1.4 Analisis Hidrologi.
Bendung yang direncanakan harus mampu bertahan
terhadap semua kemungkinan gaya yang bekerja, terutama
pada tubuh bendungnya. Salah satu gaya yang cukup besar
pengaruhnya adalah gaya air, terutama pada saat banjir. Oleh
karena itu dalam perencanaan bendung, haruslah
diperhitungkan terhadap kemungkinan terjadinya
banjir ini.
• 1.4.1 Banjir Rencana.
• Yang dimaksud dengan banjir rencana (design flood), adalah
besarnya kemungkinan debit sungai yang akan terjadi yang
direncanakan untuk melewati bendung dengan aman, Artinya
bendung yang direncanakan tersebut akan mampu bertahan
bila dilewati banjir sebesar atau lebih kecil dari banjir
rencana tersebut. Banjir rencana ditetapkan berdasarkan
suatu periode tertentu, karena banjir maksimum yang terjadi
pada suatu periode yang lebih panjang, akan lebih besar
daripada banjir yang terjadi dalam periode yang lebih
pendek. Banjir maksimum yang terjadi dalam periode
tertentu ini disebut banjir dengan suatu periode ulang.
Misalnya banjir dengan periode ulang 10 tahun, artinya banjir
sebeesar ini akan terjadi setiap 10 tahun sekali. Begitu juga
dengan banjir 25 tahun, 50 tahun dan seterusnya, yang
biasanya disebut dengan notasi Q10, Q25, ............ Qn.
• Biasanya bendung direncanakan dengan banjir
rencana antara Q50 sampai dengan Q100,
tergantung dari besar kecil serta tingkat keamanan
bendung yang dikehendaki.
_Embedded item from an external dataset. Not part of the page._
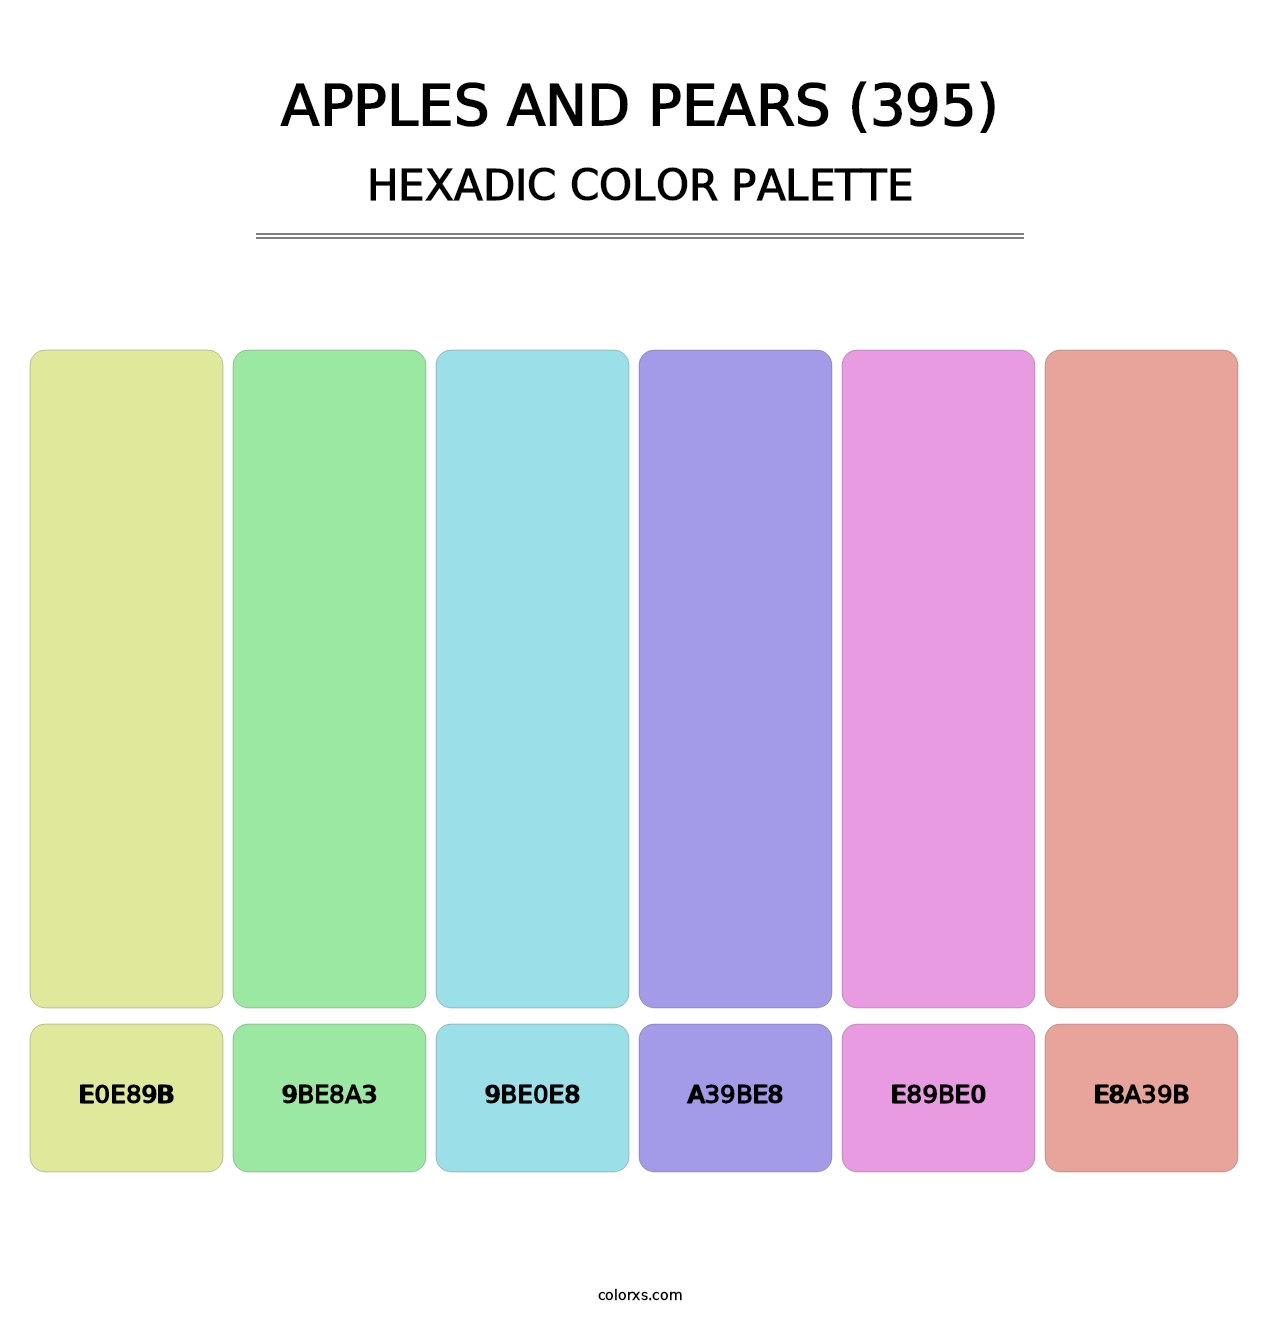 Apples and Pears (395) - Hexadic Color Palette

Untuk menentukan
besar banjir rencana, dapat digunakan data debit
langsung, bila ada. Atau bila tidak ada data debit,
dapat ditentukan dengan cara perhitungan
pendekatan dengan menggunakan data curah hujan.
• 1.4.2 Data Debit.
• Di Indonesia umumnya data debit sungai-sungai
masih sangat kurang, kalaupun ada masih sangat
terbatas untuk beberapa tahun dan masih jauh
dibawah dari periode ulang yang diinginkan. Untuk
mengatasi hal ini biasanya dilakukan peramalan
/perkiraan dengan menggunakan metoda statistik.
Salah satu metoda yang banyak digunakan, adalah
Metode Normal, Log-Normal, Gumbel dan Log-
Pearson III. Untuk ini diperlukan data debit tahunan
dengan masa pengamatan minimum 10 tahun.
• 1.4.3 Perhitungan Pendekatan.
• Seperti telah diterangkan diatas, bila tidak ada data
debit langsung, maka untuk menentukan besar
debit banjir, dapat dilakukan dengan perhitungan
pendekatan. Cara yang sering digunakan antara lain
adalah Metode Weduwen, Harpers, Melchior dan
Metode Hidrograf Satuan.
• 1.4.4 Analisis Frekuensi.
• Untuk menentukan besarnya debit banjir pada suatu periode ulang
tertentu, diperlukan curah hujan dengan periode ulang yang sesuai.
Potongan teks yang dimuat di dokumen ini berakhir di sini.